▸ **WHAT TO WORK ON**: Please output only the lines running from the one that contains "19th Century French" through the last line of the data below, exactly as they stand, with no pictures.

▸ **PROVIDED MATERIAL**:
Start of Block

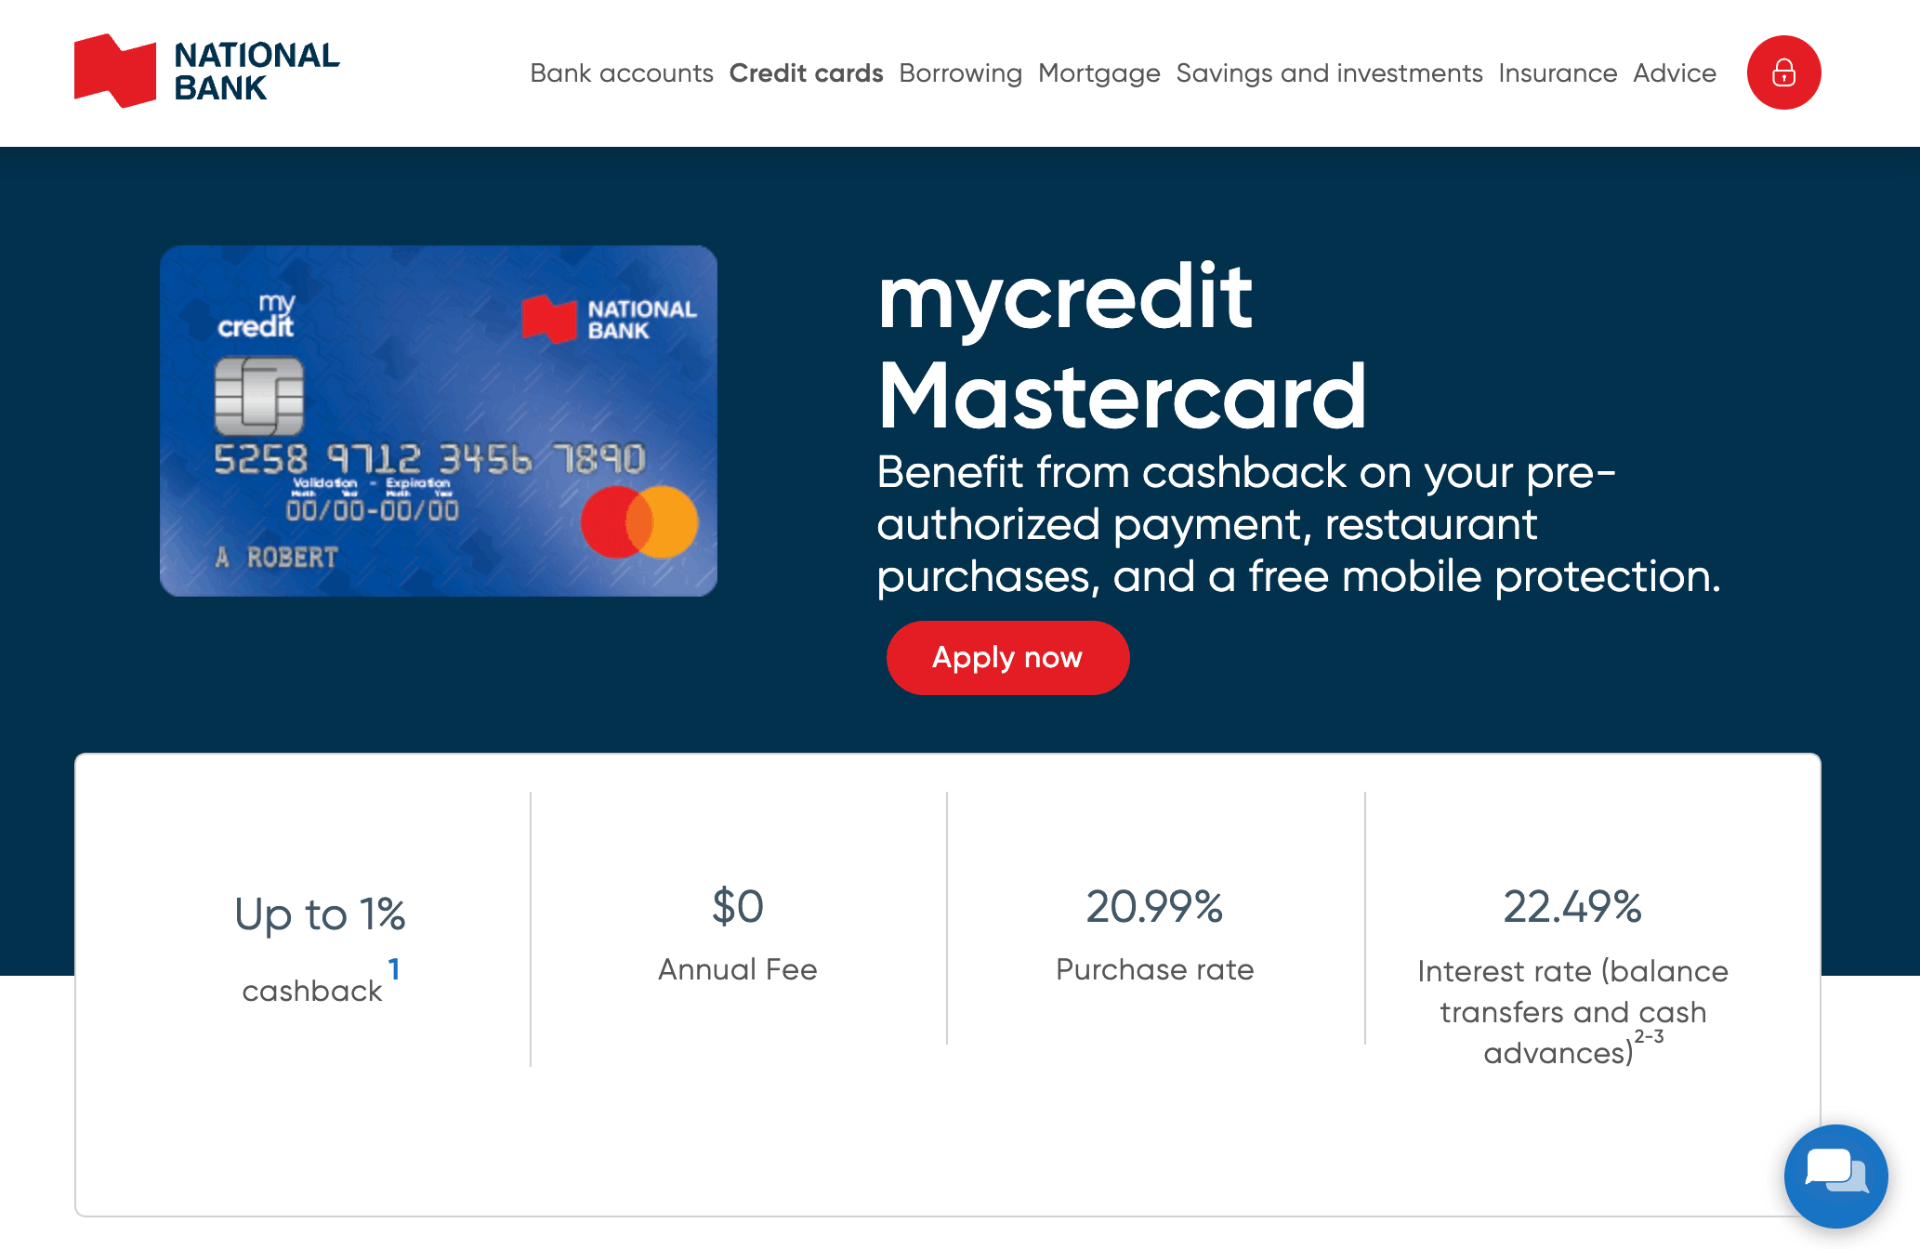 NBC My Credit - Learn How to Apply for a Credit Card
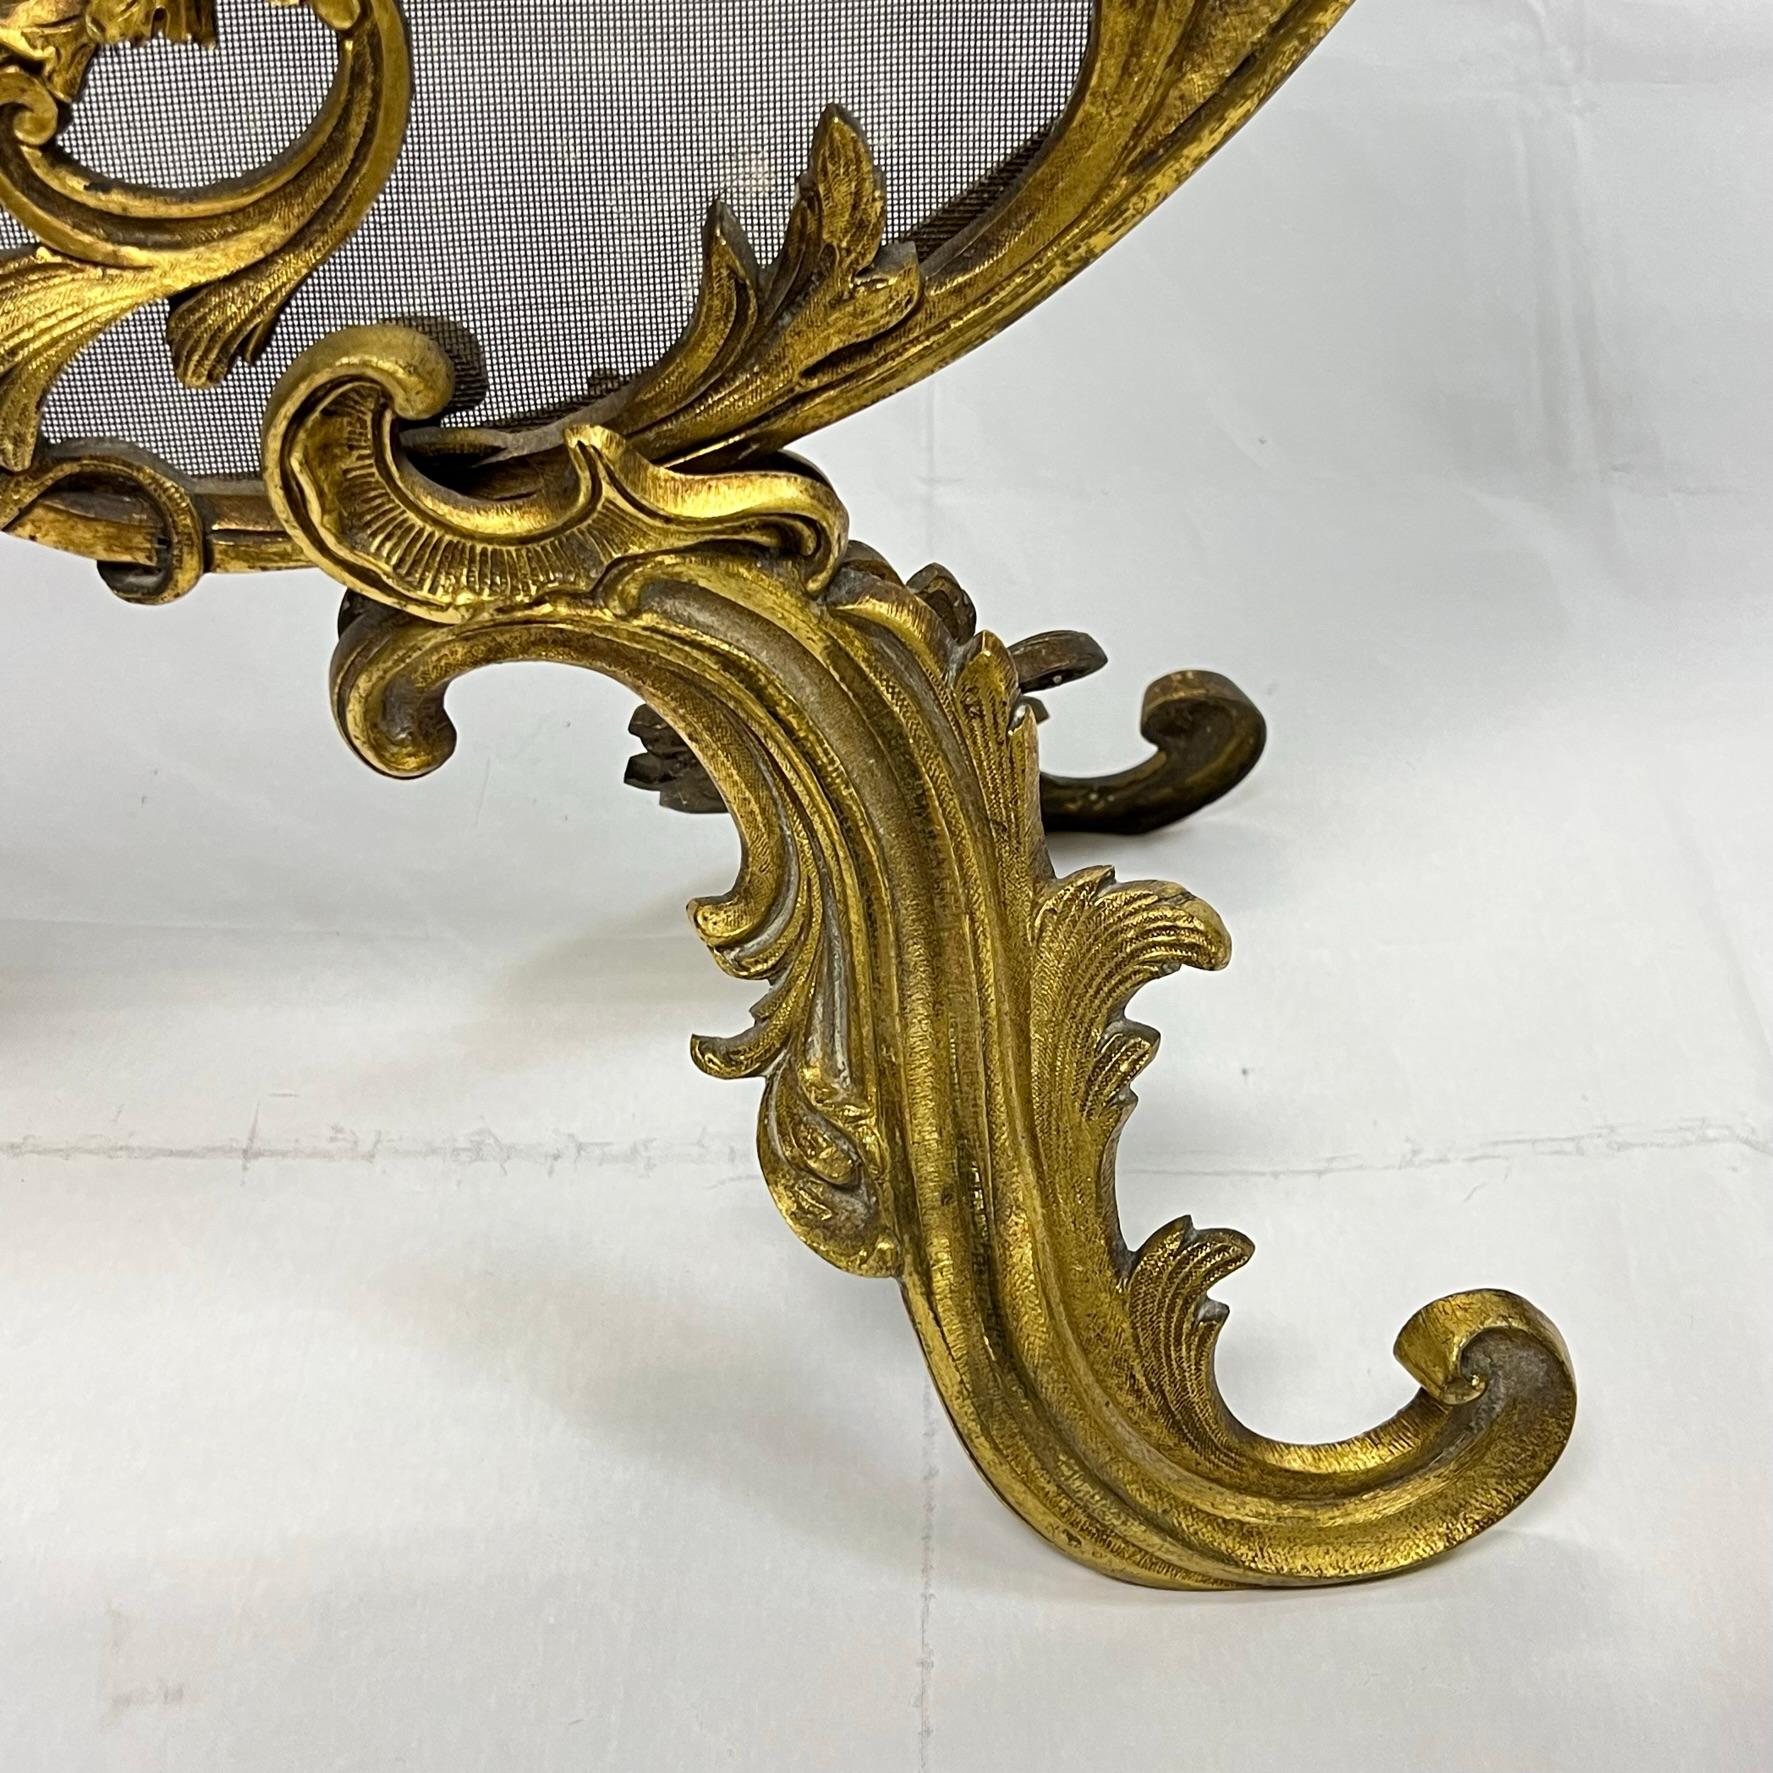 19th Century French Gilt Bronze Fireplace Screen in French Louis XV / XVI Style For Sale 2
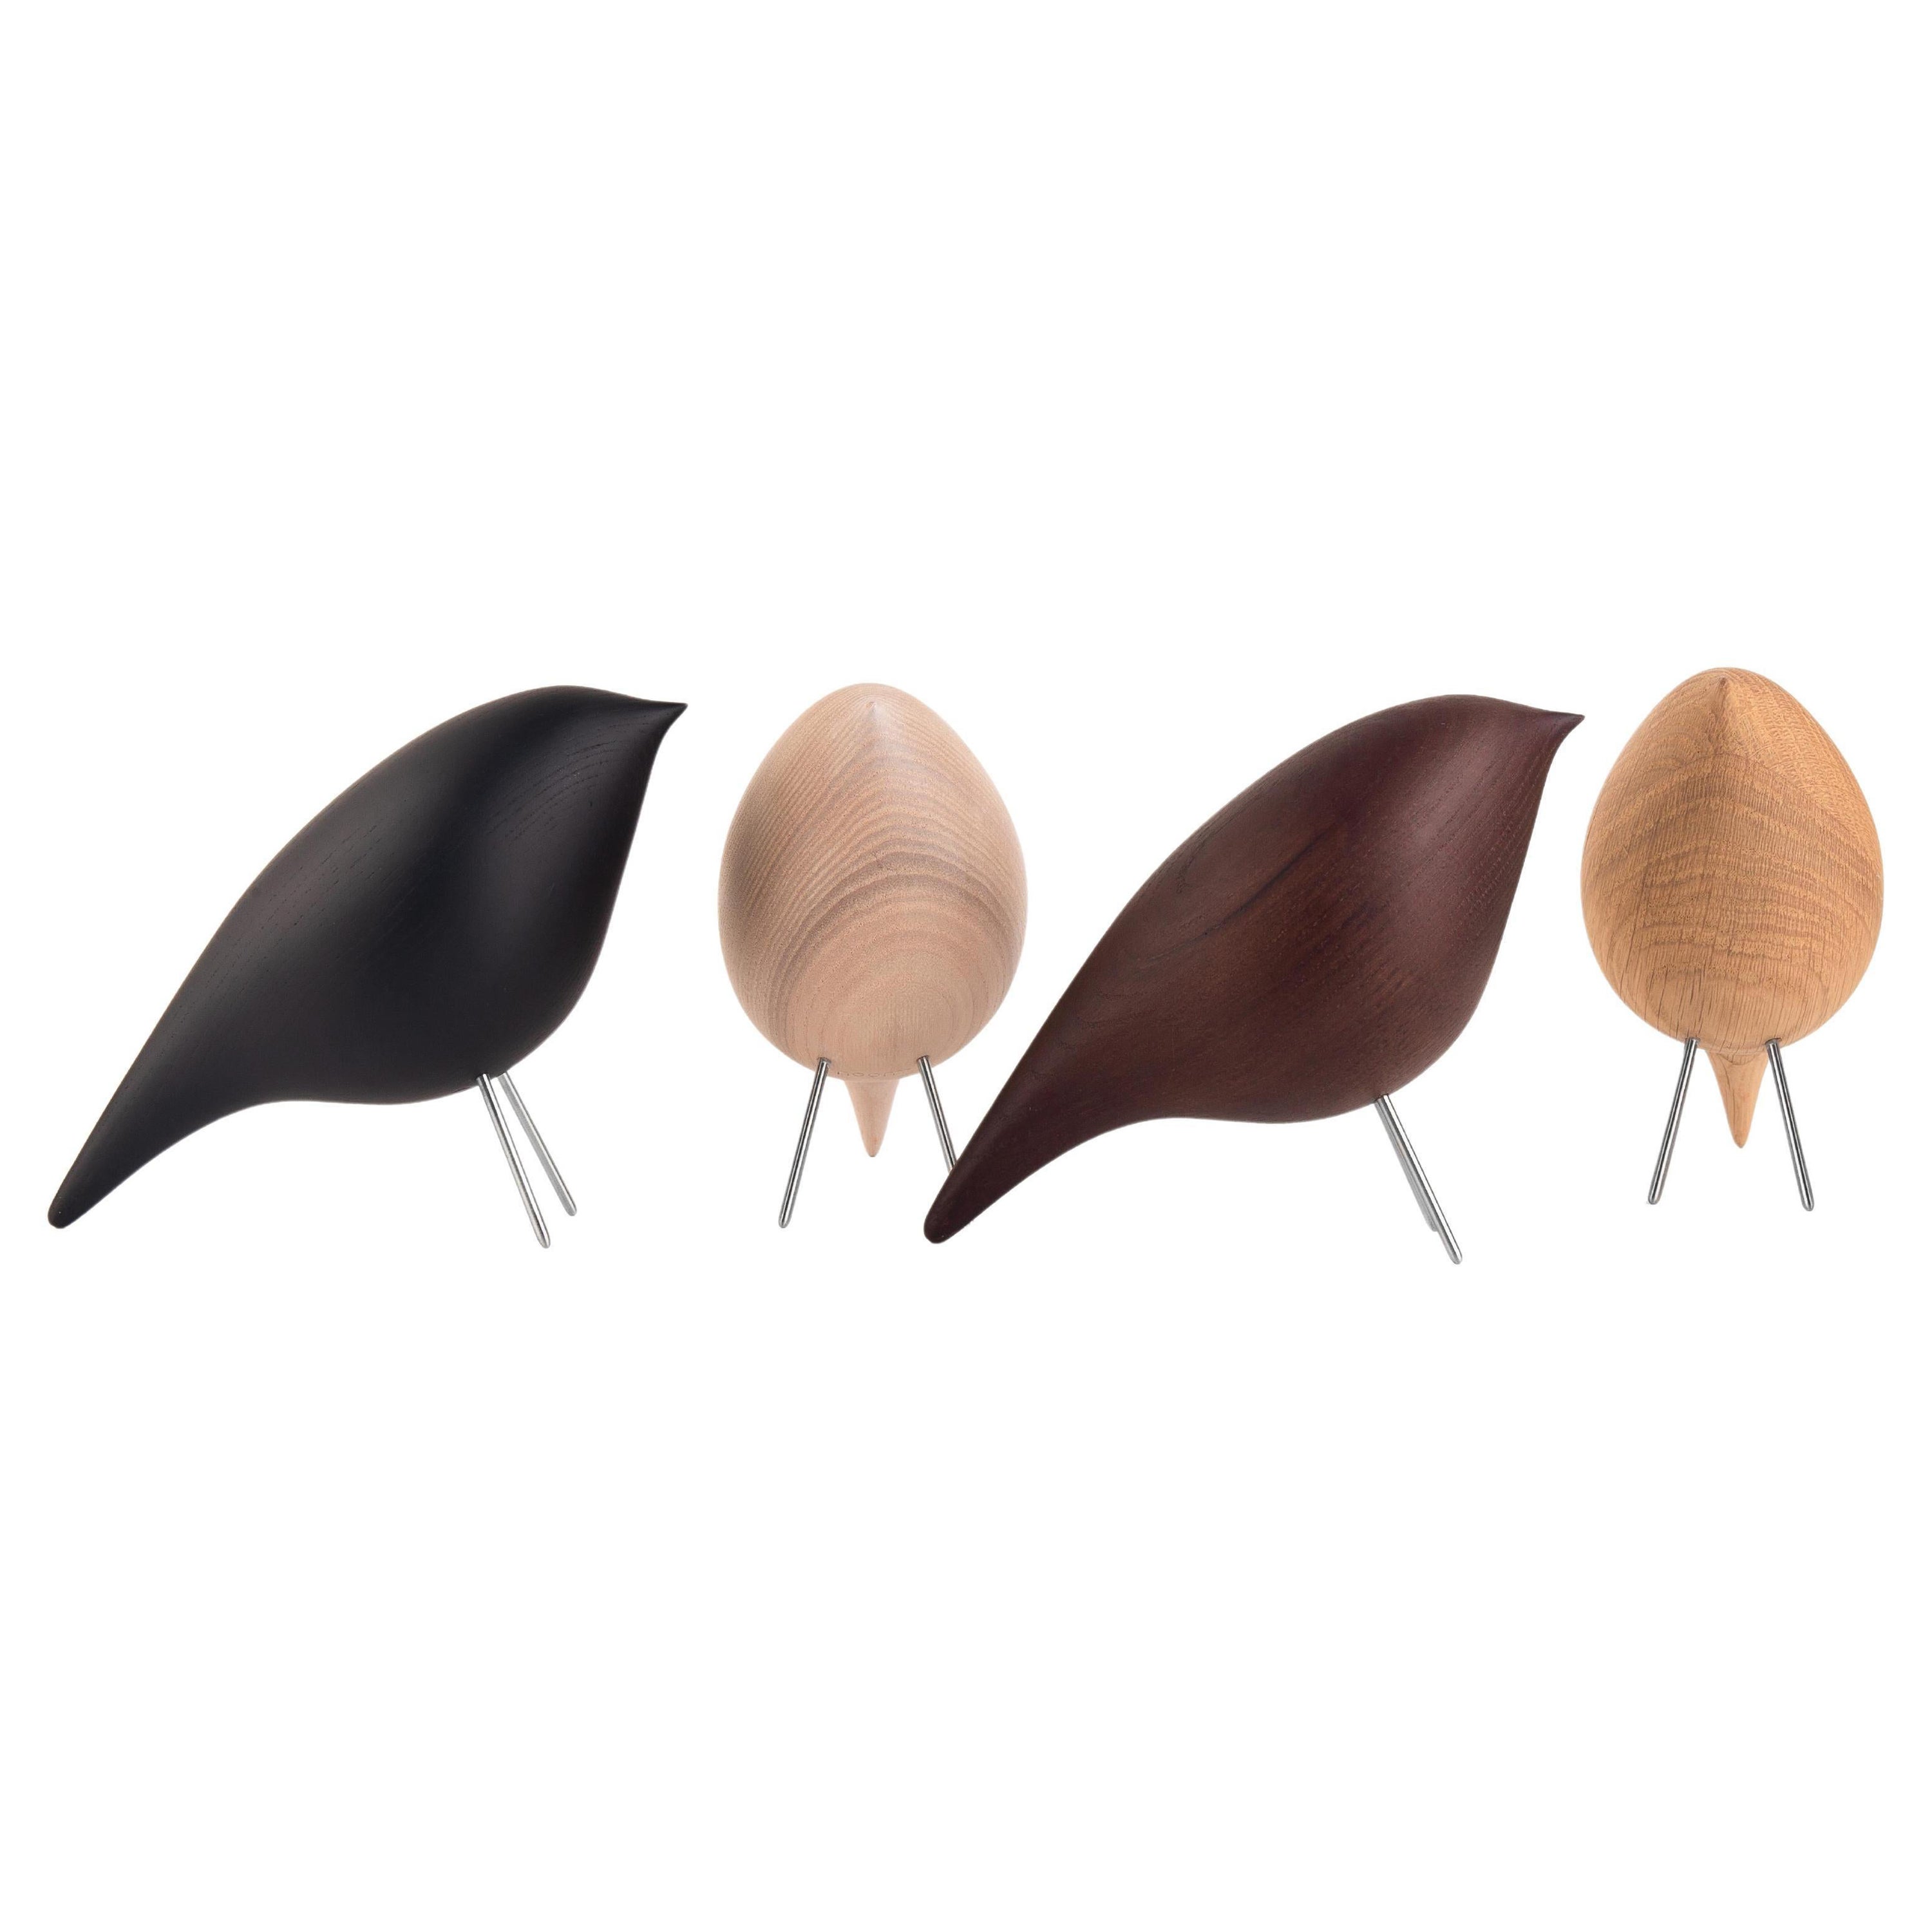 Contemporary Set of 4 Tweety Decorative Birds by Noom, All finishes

End of Block

▸ **TASK OUTPUT**:
 19th Century French Gilt Bronze Fireplace Screen in French Louis XV / XVI Style For Sale 2
 Contemporary Set of 4 Tweety Decorative Birds by Noom, All finishes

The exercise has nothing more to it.